When I was given the opportunity to read and review So Sorry for Your Loss by Dina Gachman, I jumped at the chance. On one hand, ever since I was in my practicum training for my graduate degree in clinical psychology, I have been interested in the subject of grief. I remember meeting with college age students who were currently going through the grief process and wanting to plead with them to take their time in missing and grieving their person. Grief is such a complicated process.
In 2021, the concept of grief took on a whole new meaning for me since I sadly and horribly lost my sister to complications from Covid. Since then, grief suddenly became this tangible thing. I could feel it. Sometimes it is at the forefront of my mind and other times it's a blanket veil at the back of my mind - regardless, it is always there.
What I gained from So Sorry for Your Loss was the introspection of another person who has gone through their own loss and explore all those inner thoughts that creep into the conciousness of those of us left behind. "They’re gone, and I, like so many others, live with those losses every single day." Truer words have never been spoken.

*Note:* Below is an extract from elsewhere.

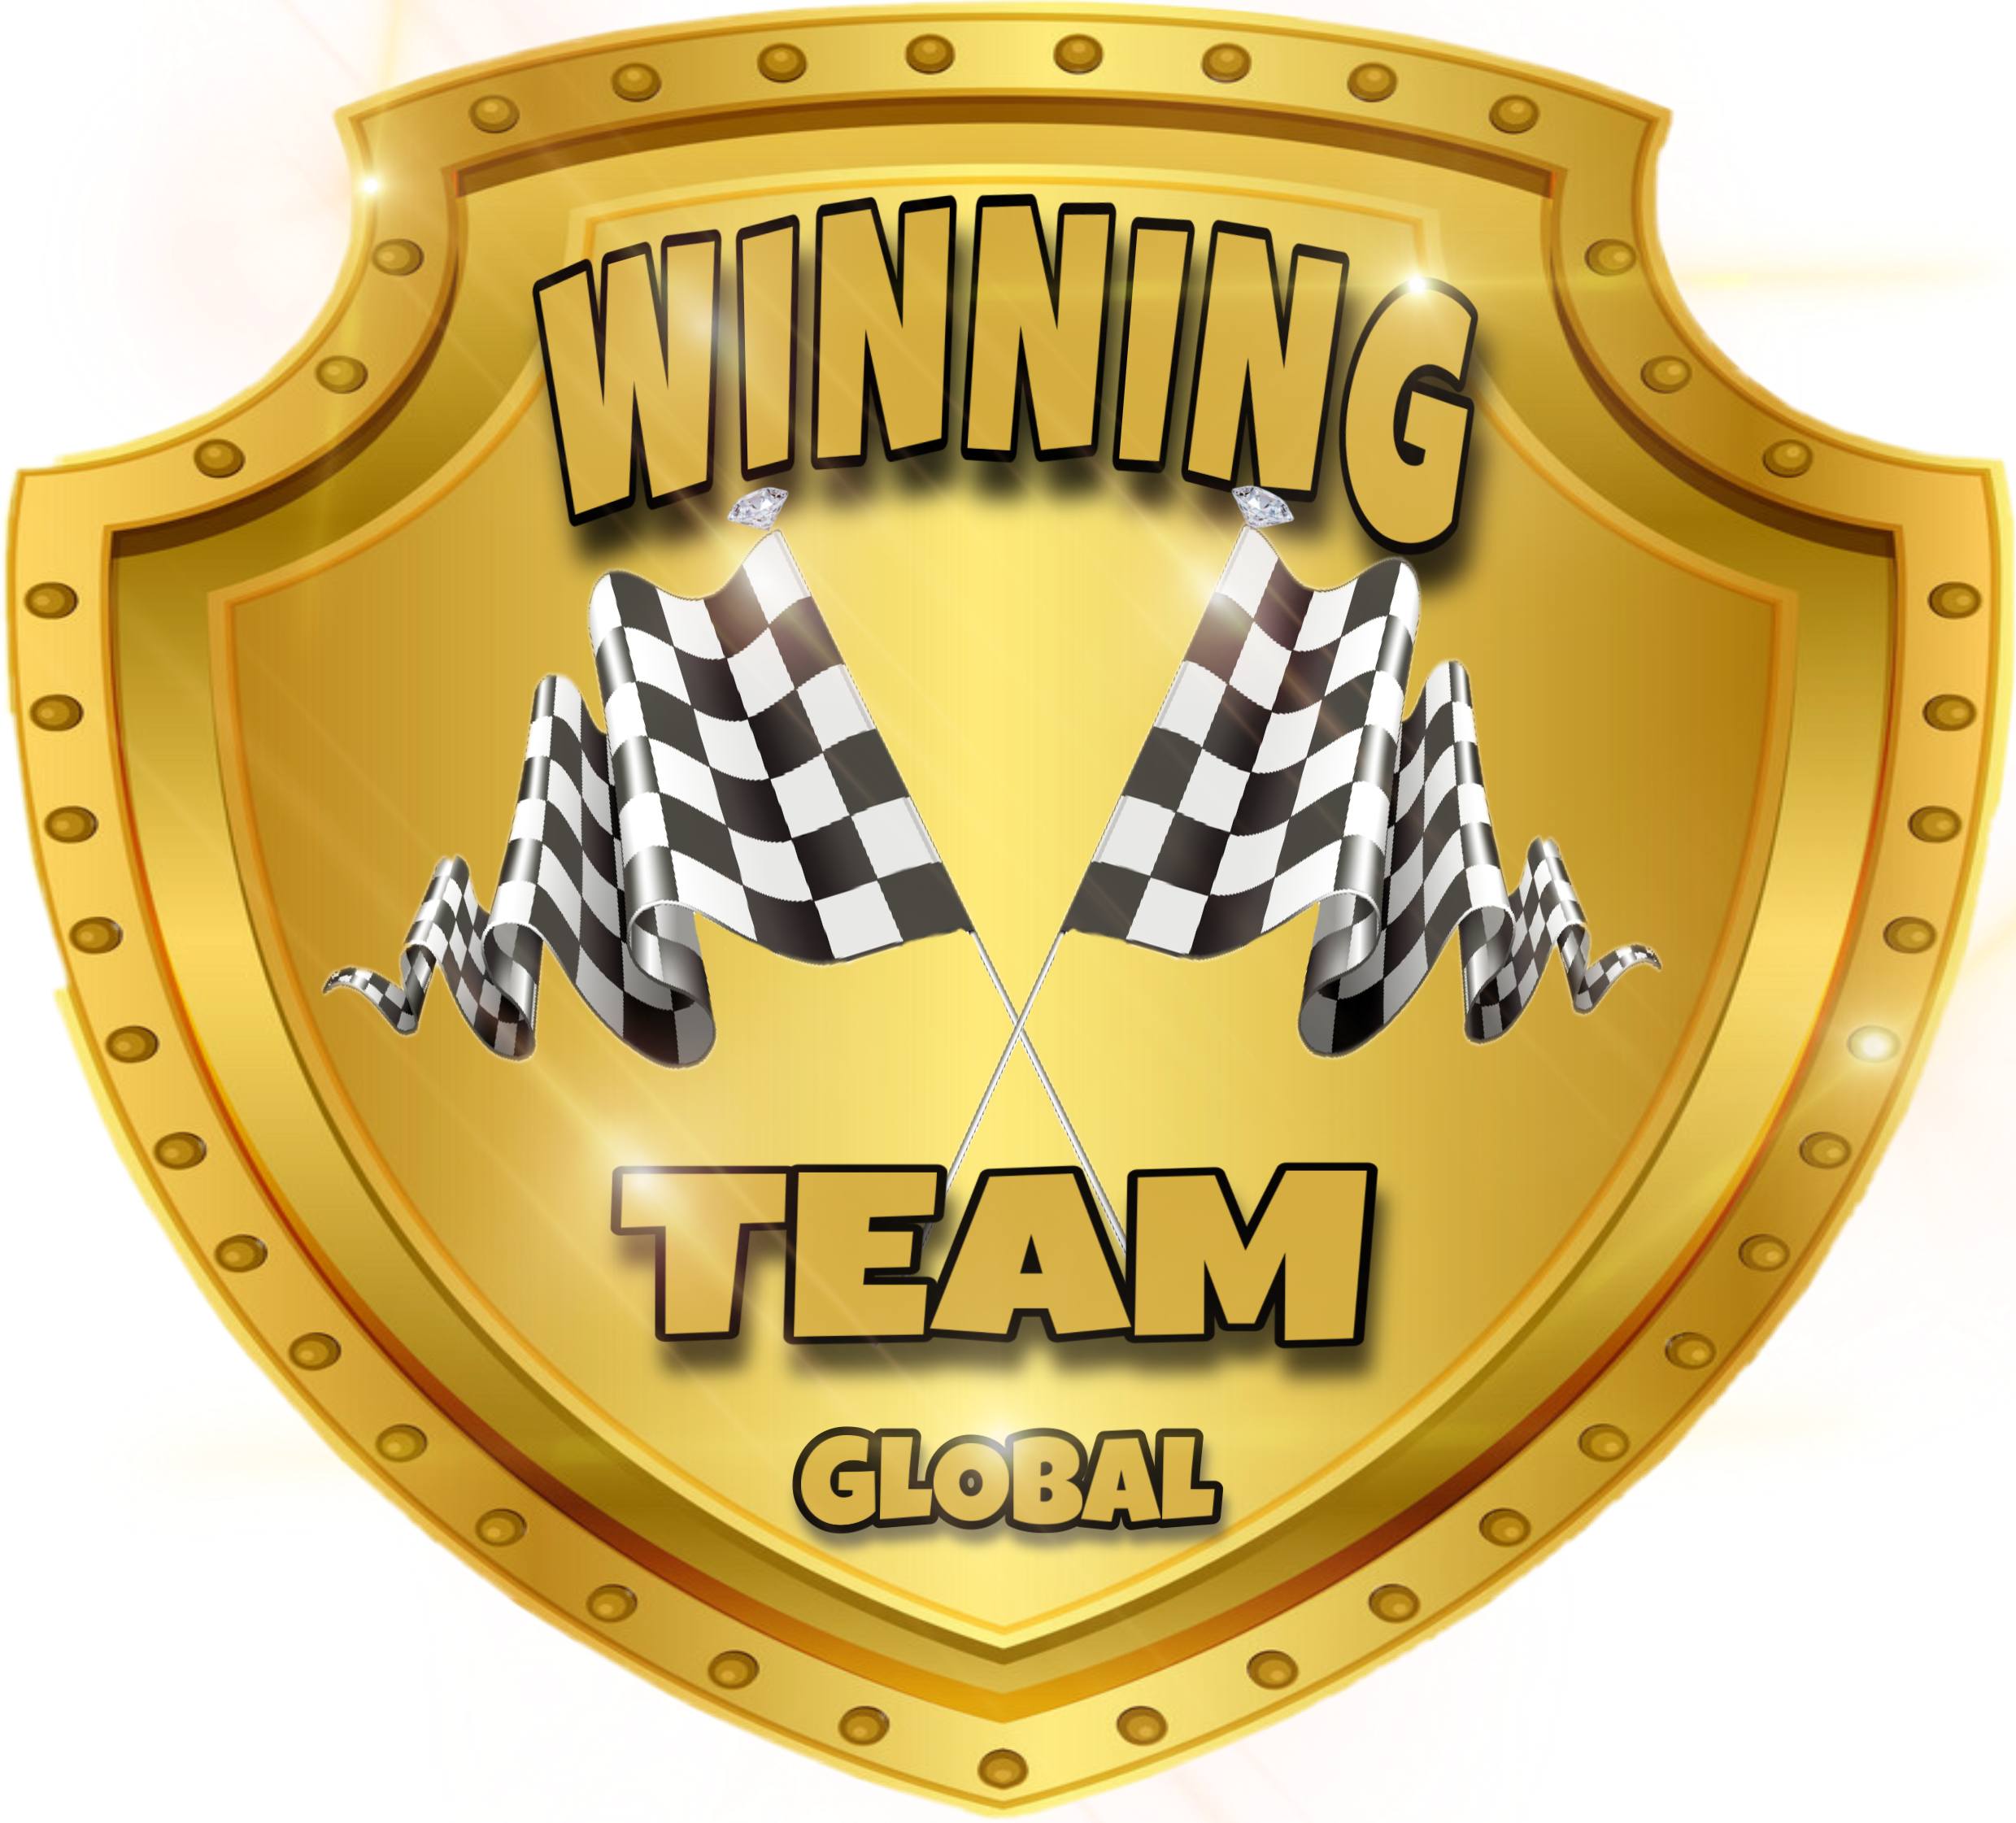 #WINNINGTEAMGLOBALGEAR WINNING TEAM GLOBAL GEAR IS A COLLECTION OF OUR PERSONAL BRANDS CREATED. COMPANY CREATED IN 1991. SO MANY BRANDS UNDER THIS LABEL. ENJOY THE STYLISH AND TRENDY LOOKS OF FASHION HERE IN WINNING TEAM'S FASHION DIVISION
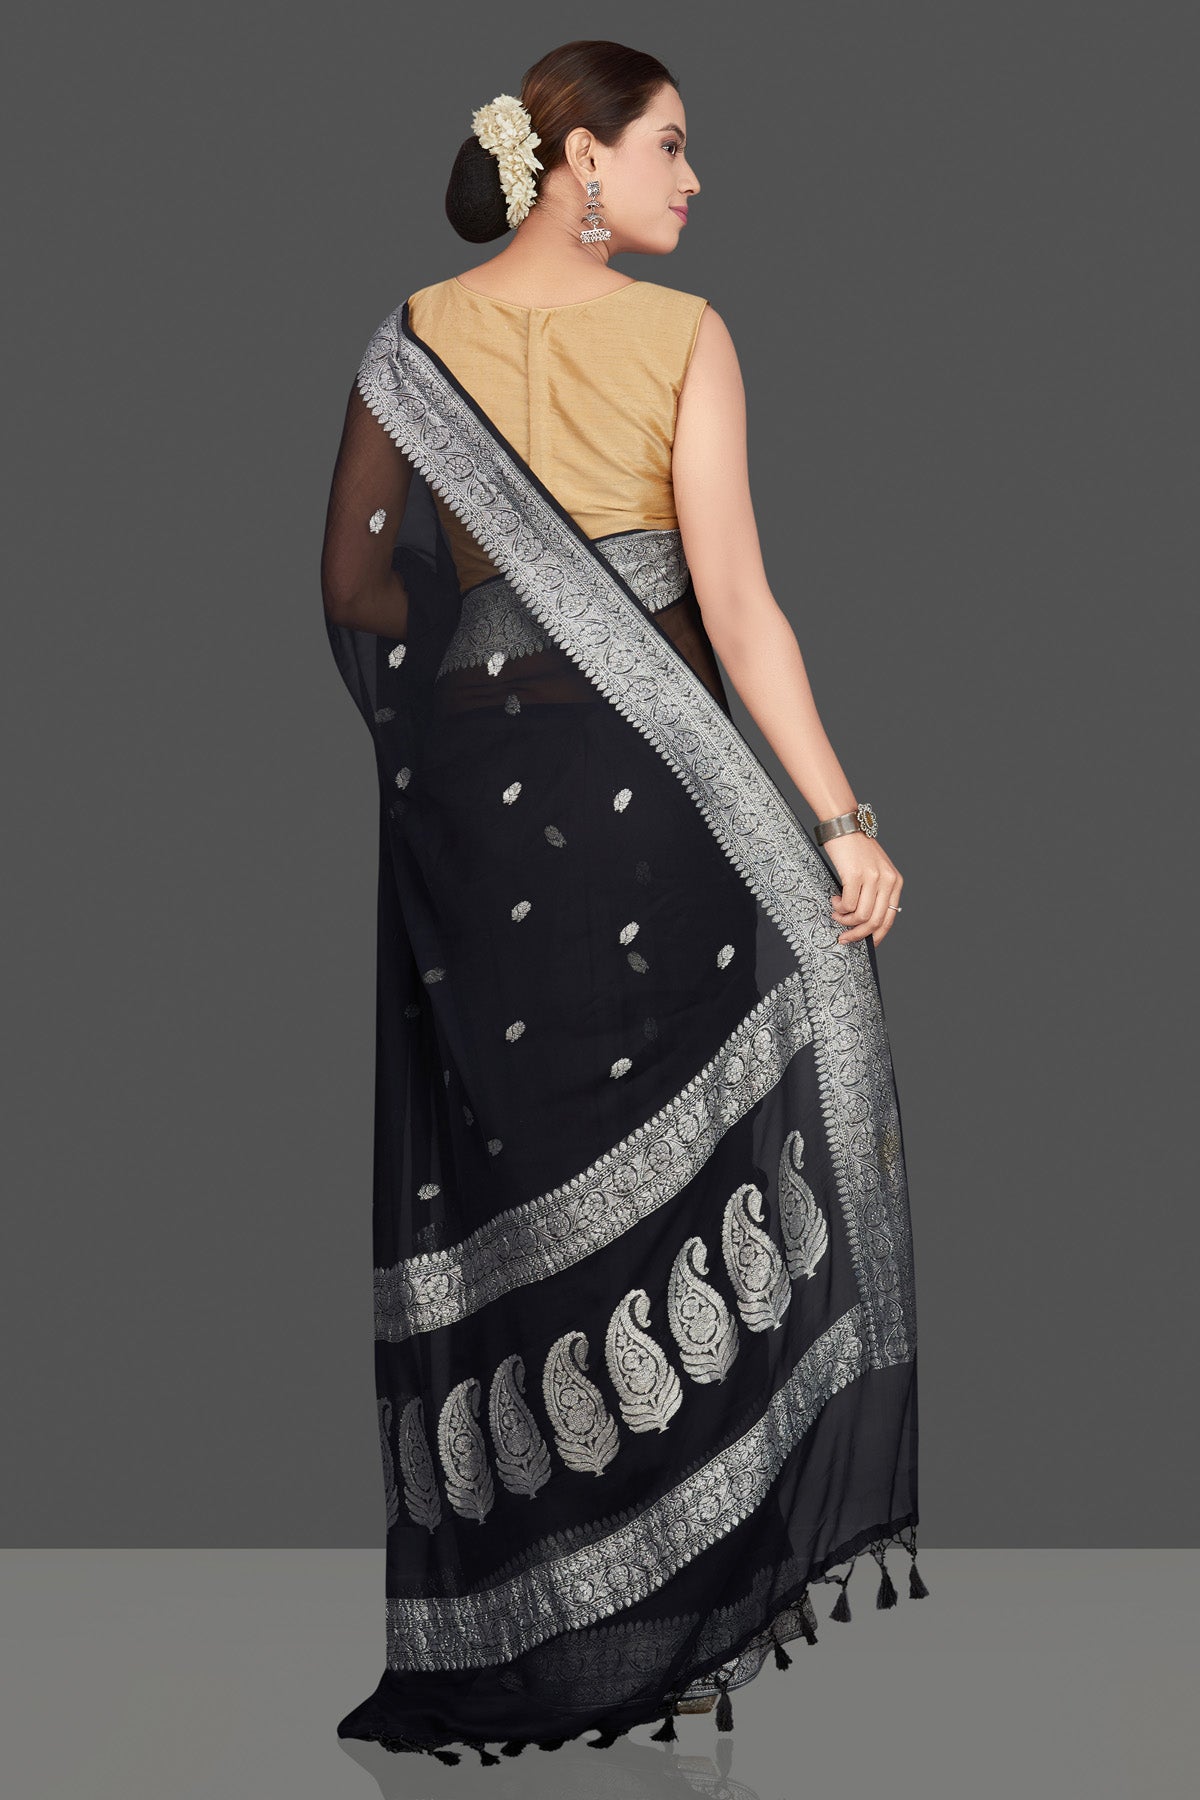 Buy black chiffon georgette saree online in USA with silver zari border. Go for stunning Indian designer sarees, georgette sarees, handwoven saris, embroidered sarees for festive occasions and weddings from Pure Elegance Indian clothing store in USA.-back

This book is great for everyone to read, however, it is truly best for someone who has gone through a loss to read. What Gachman's book did for me was give me the sense that I am not alone in my grief - that I am not the only one who feels this pain of loss every day in one form or another. There are many quotes I could get from Gachman's book - I was underlining so much as I read. This is truly a work that can can provide much comfort to someone who is grieving or needs to let themselves grieve. Such important work, and I thank Gachman for writing it.